Sistema carcerário brasileiro: problemas e soluções
Enviada em 14/10/2020
No livro “Estação Carandiru”, o médico Dráuzio Varella denuncia o descaso governamental quanto à manutenção do sistema carcerário brasileiro, enfrentador de inúmeros problemas hodiernos. Entre eles, destacam-se a superlotação prisional, cujas raízes datam o início da Era Republicana nacional, e a indiferença da população acerca do tema. Somados, ambos panoramas tornam os estabelecimentos penais do Brasil locais altamente necessitados de intervenções.
Em primeiro plano, aponta-se a inexistência de uma estratégia integracionista direcionada aos ex-escravizados, ao final do século XIX, como intensificadora do volume de indivíduos aprisionados. Nesse sentido, grande parte dos afrodescendentes recém-libertos obteve, no meio criminal, a única possibilidade de sobrevivência alcançável, dando início ao inchaço da bolha carcerária. Uma vez que ainda não se obteve, na contemporaneidade, uma elucidação à situação supracitada, o encarceramento massivo é reiterado, e resulta em condições insalubres aos amontoados detentos.
Em segundo plano, tem-se a passividade coletiva tangente à temática como agravante da conjuntura discorrida. Sob esse prisma, filósofo micênico Aristóteles afirma que tudo é algo e só pode vir a ser outro distinto se instituídas diligências almejantes de mudança. Sendo assim, faz-se necessário um posicionamento comunitário com tais pretensões para alterar qualquer aspecto social. Dessa forma, é notável que, enquanto não houverem pressões públicas e sociais, a fim de humanizar e integrar socialmente os enclausurados, estas pessoas estarão passíveis a uma estrutura e um tratamento penitenciários subumanos.
Em suma, são necessárias medidas para mitigar as problemáticas apresentadas.

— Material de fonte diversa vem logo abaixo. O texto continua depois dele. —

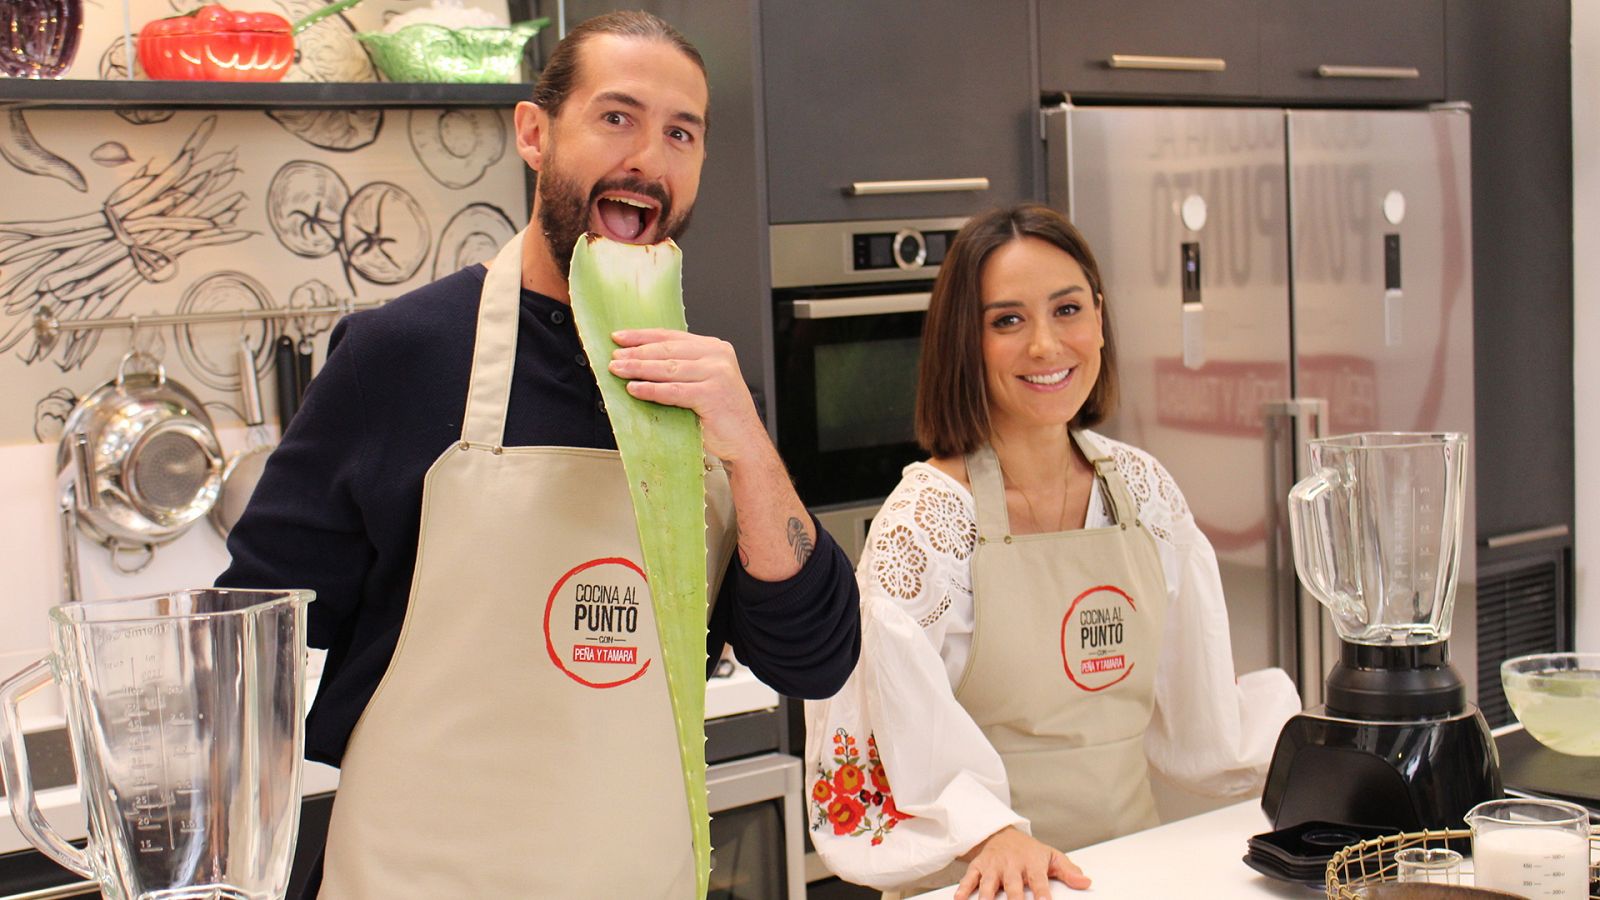 Cocina al punto con Peña y Tamara - El aloe - RTVE.es

A priori, o Departamento Penitenciário Nacional (Depen) deve iniciar um projeto de redistribuição do contingente aprisionado, por meio da construção de novos presídios no território, a fito de diminuir a lotação supramencionada. Ademais, faz-se necessário que o Depen, em união com o Ministério Público, inicie um processo de petições de revisões de sentenças para presidiários com bom comportamento, com a mesma finalidade. Com efeito, espera-se que a negligência denunciada pelo médico, no livro reverenciado, seja revertida.